OCTIS
OCTIS copied to clipboard
Error loading custom dataset
- OCTIS version: 1.11.0
- Python version: 3.8
- Operating System: Windows 10
Description
Hello,
I am having trouble loading my custom dataset. I followed the guide in the main README and am getting the below errors.
What I Did
from octis.dataset.dataset import Dataset import pandas as pd
df = pd.read_csv("/mnt/mydata/notebooks/data.csv")
df.to_csv('corpus.tsv', sep="\t", header= False, columns=['documents']) dataset.load_custom_dataset_from_folder("/mnt/mydata/notebooks")
/opt/conda/lib/python3.8/site-packages/octis/dataset/dataset.py:330: FutureWarning: The frame.append method is deprecated and will be removed from pandas in a future version. Use pandas.concat instead.
final_df = df[df[1] == 'train'].append(df[df[1] == 'val'])
/opt/conda/lib/python3.8/site-packages/octis/dataset/dataset.py:331: FutureWarning: The frame.append method is deprecated and will be removed from pandas in a future version. Use pandas.concat instead.
final_df = final_df.append(df[df[1] == 'test'])
---------------------------------------------------------------------------
AttributeError Traceback (most recent call last)
/opt/conda/lib/python3.8/site-packages/octis/dataset/dataset.py in load_custom_dataset_from_folder(self, path, multilabel)
335
--> 336 self.__corpus = [d.split() for d in final_df[0].tolist()]
337 if len(final_df.keys()) > 2:
/opt/conda/lib/python3.8/site-packages/octis/dataset/dataset.py in <listcomp>(.0)
335
--> 336 self.__corpus = [d.split() for d in final_df[0].tolist()]

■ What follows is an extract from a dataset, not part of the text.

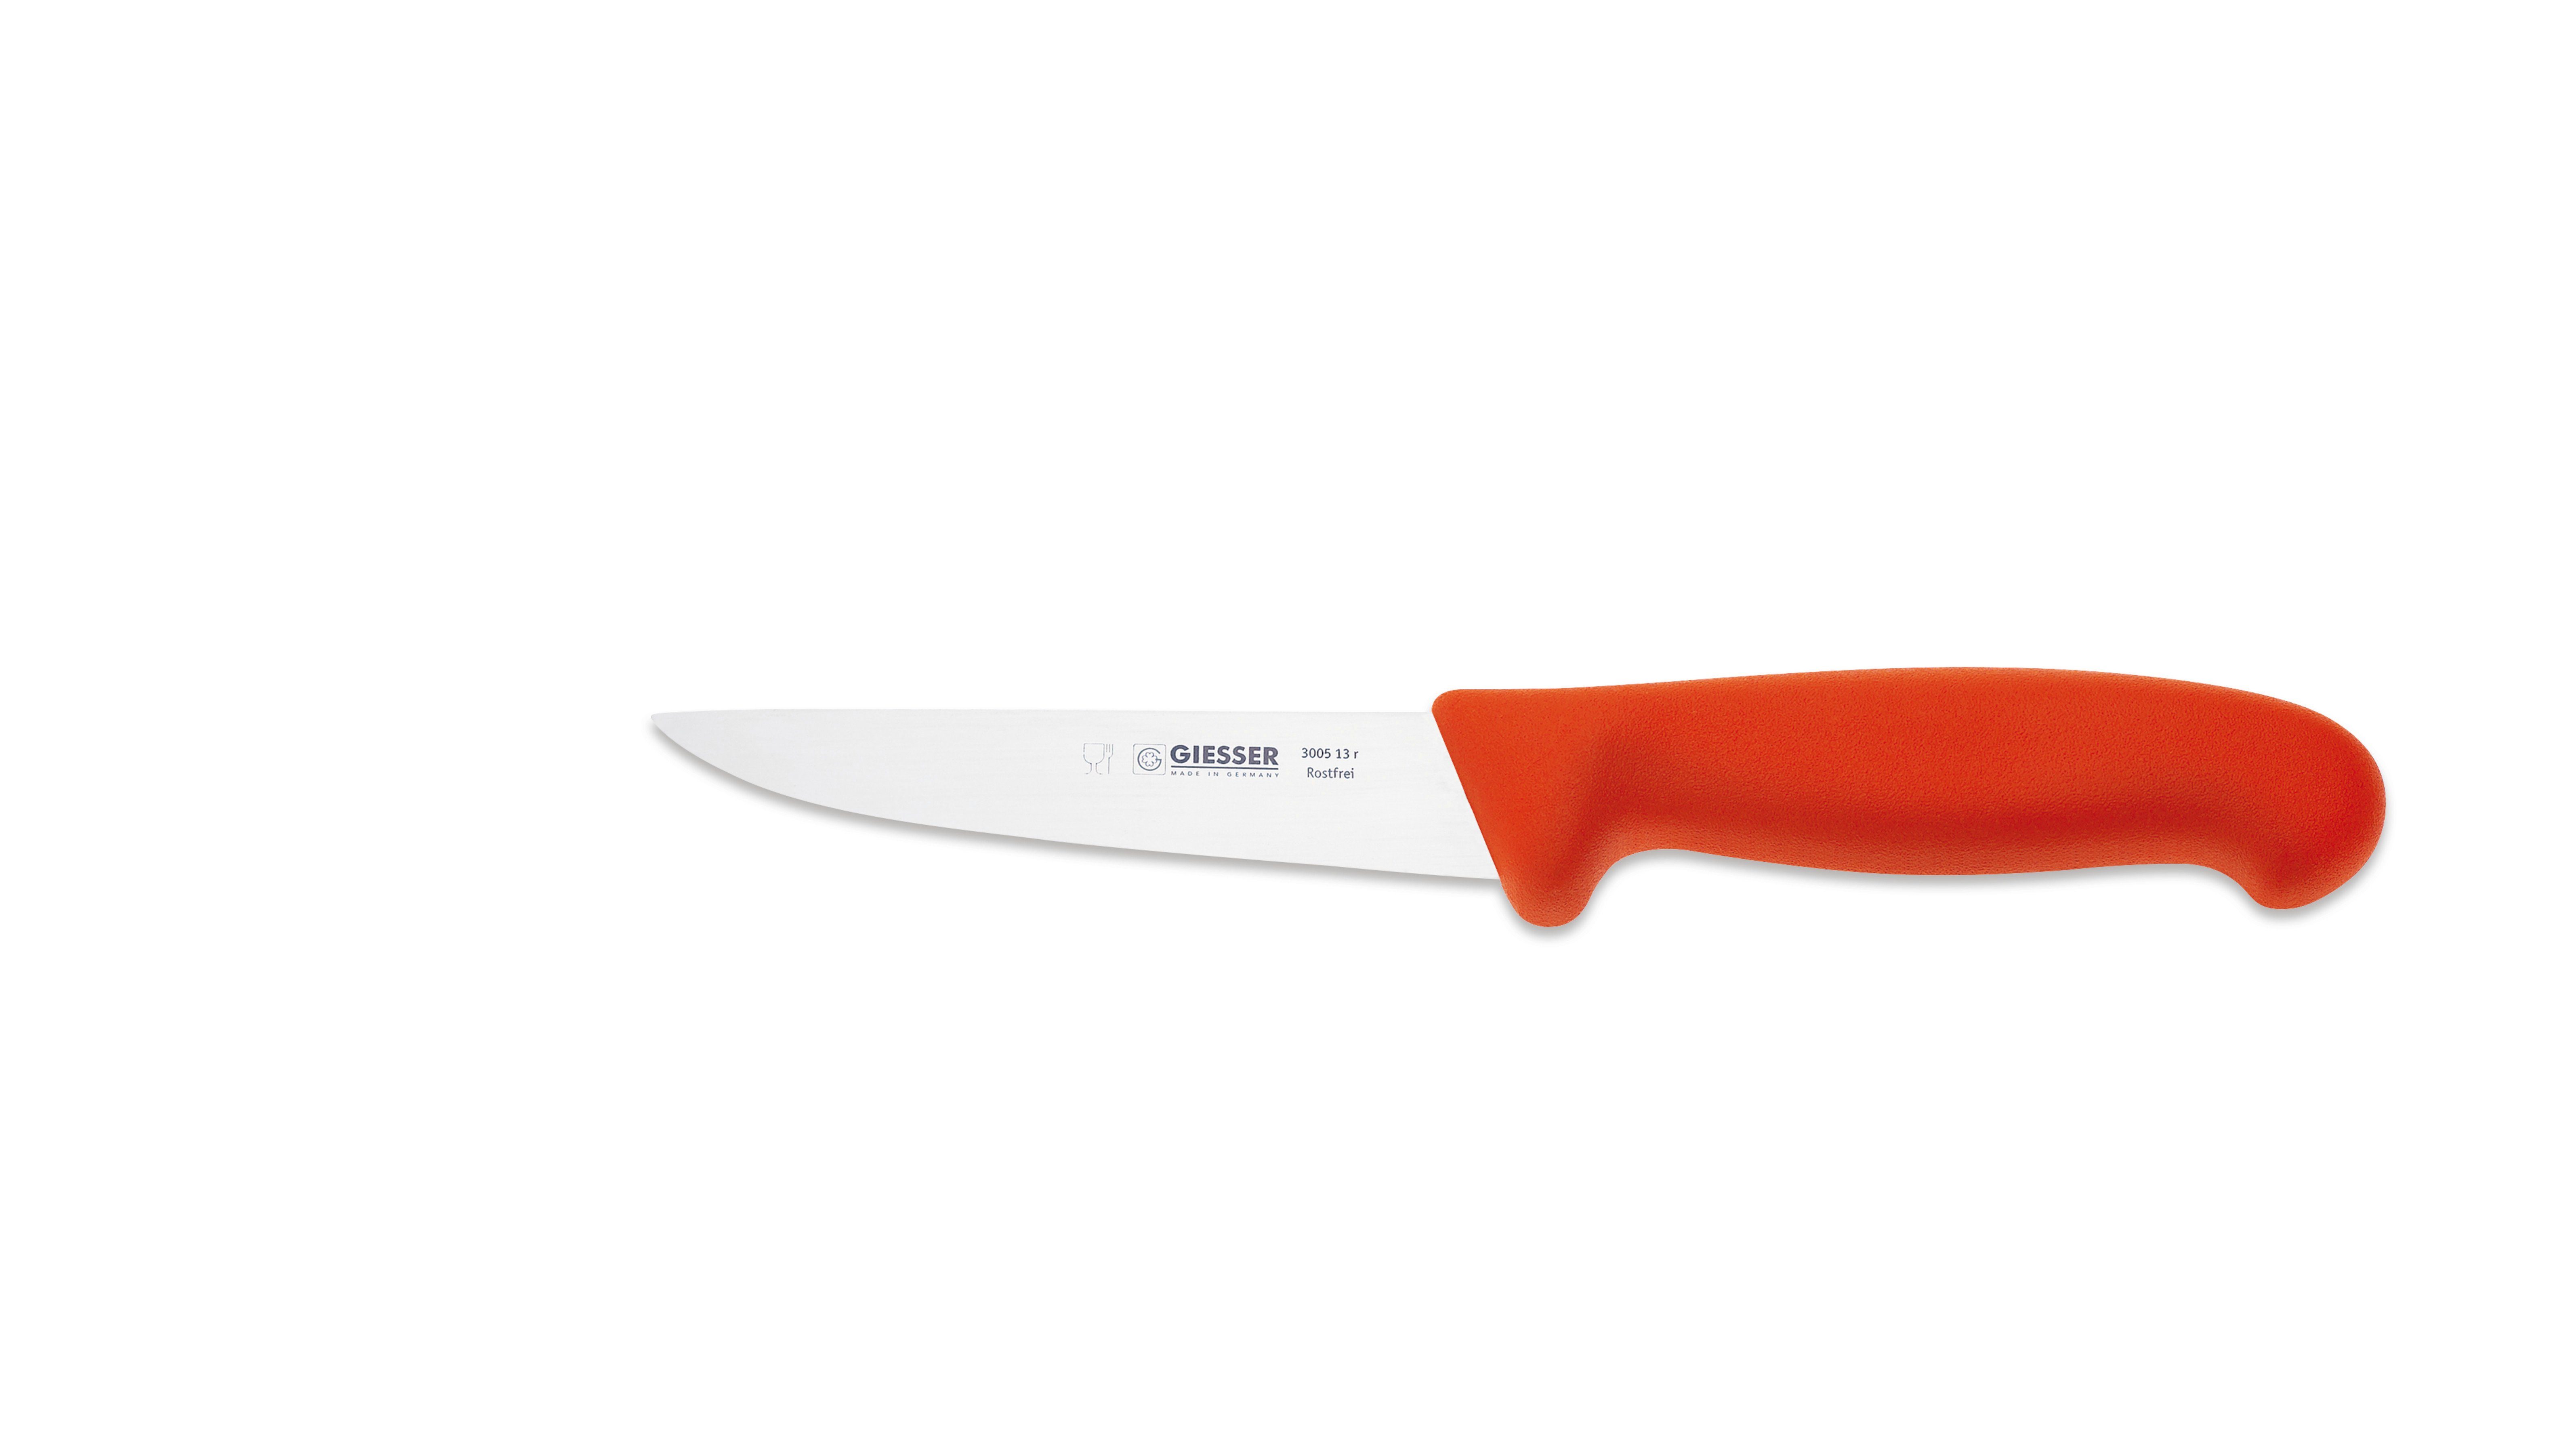 Giesser Messer Ausbeinmesser Stechmesser 3005 13-30, starke, gerade Klinge, Ideal für Fleischer Rot
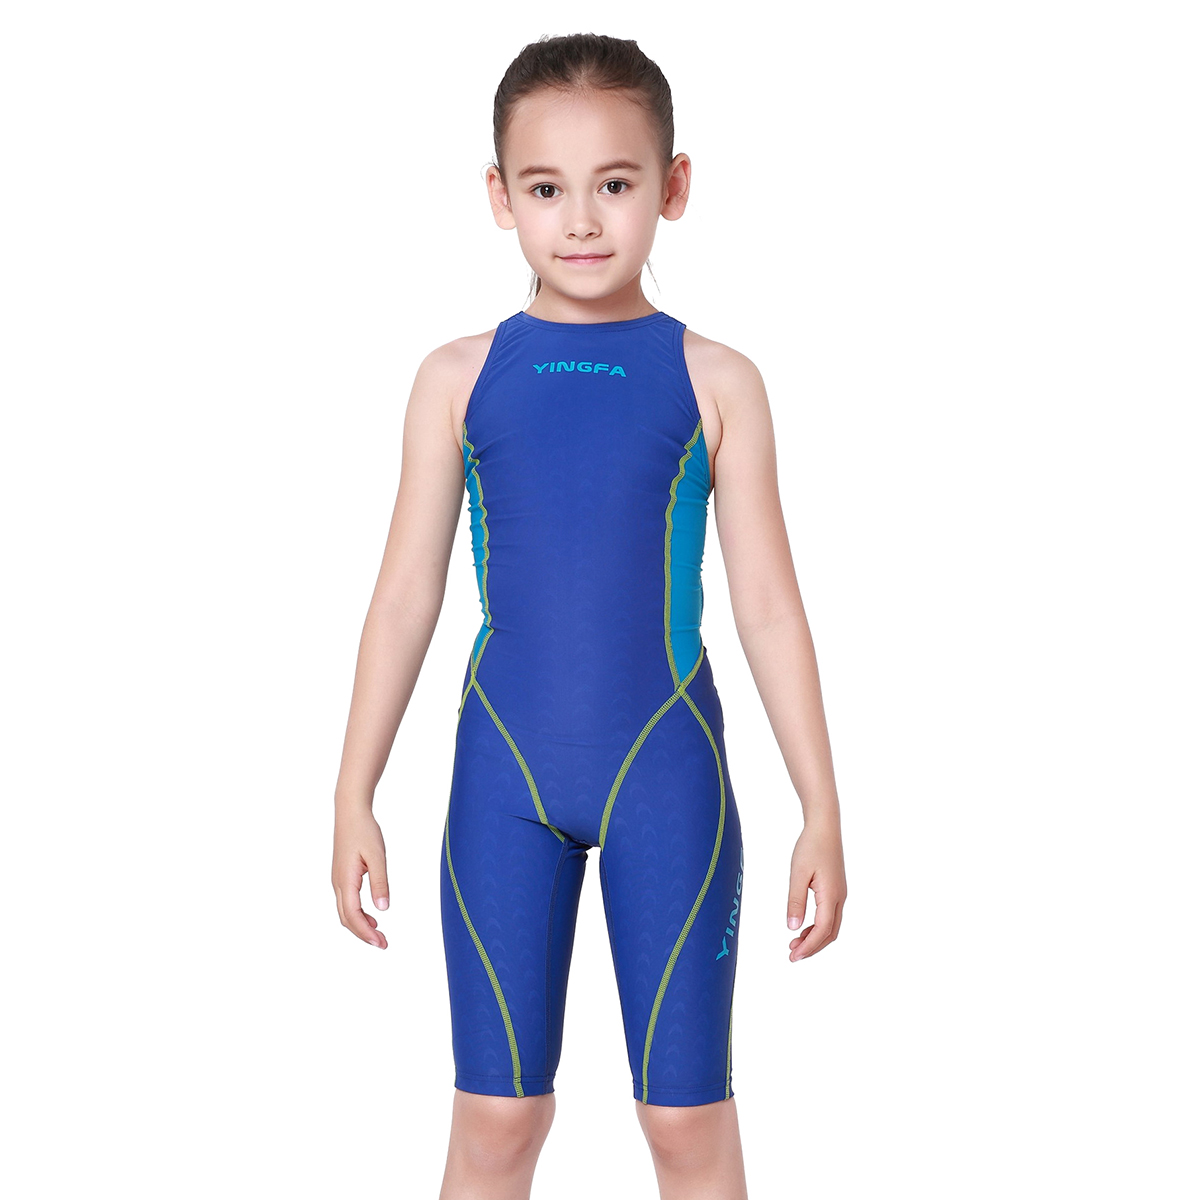 英发儿童泳衣仿生鲨鱼皮专业比赛女士连体游泳衣成人防水环保面料

337 if len(final_df.keys()) > 2:
AttributeError: 'int' object has no attribute 'split'
During handling of the above exception, another exception occurred:
Exception Traceback (most recent call last)
<ipython-input-16-28e6bd2fc3cd> in <module>
1 dataset = Dataset()
----> 2 dataset.load_custom_dataset_from_folder("/mnt/mydata/notebooks")
/opt/conda/lib/python3.8/site-packages/octis/dataset/dataset.py in load_custom_dataset_from_folder(self, path, multilabel)
356 self._load_document_indexes(self.dataset_path + "/indexes.txt")
357 except:
--> 358 raise Exception("error in loading the dataset:" + self.dataset_path)
359
360 def fetch_dataset(self, dataset_name, data_home=None, download_if_missing=True):
Exception: error in loading the dataset:/mnt/mydata/notebooks
in [Load a Custom Dataset] section, it is mentioned that our data set should have a vocabulary file while my dataset is just a csv file I am wondering how can we generate this vocab file. does this pipeline generate it automatically?
Per the readme, the custom dataset is a tsv file, which is what our csv is. I'm uncertain what the vocab file should be.
Hi, the vocabulary file is just the list of words contained in the documents. You can see #92 on how to generate it from the tsv file.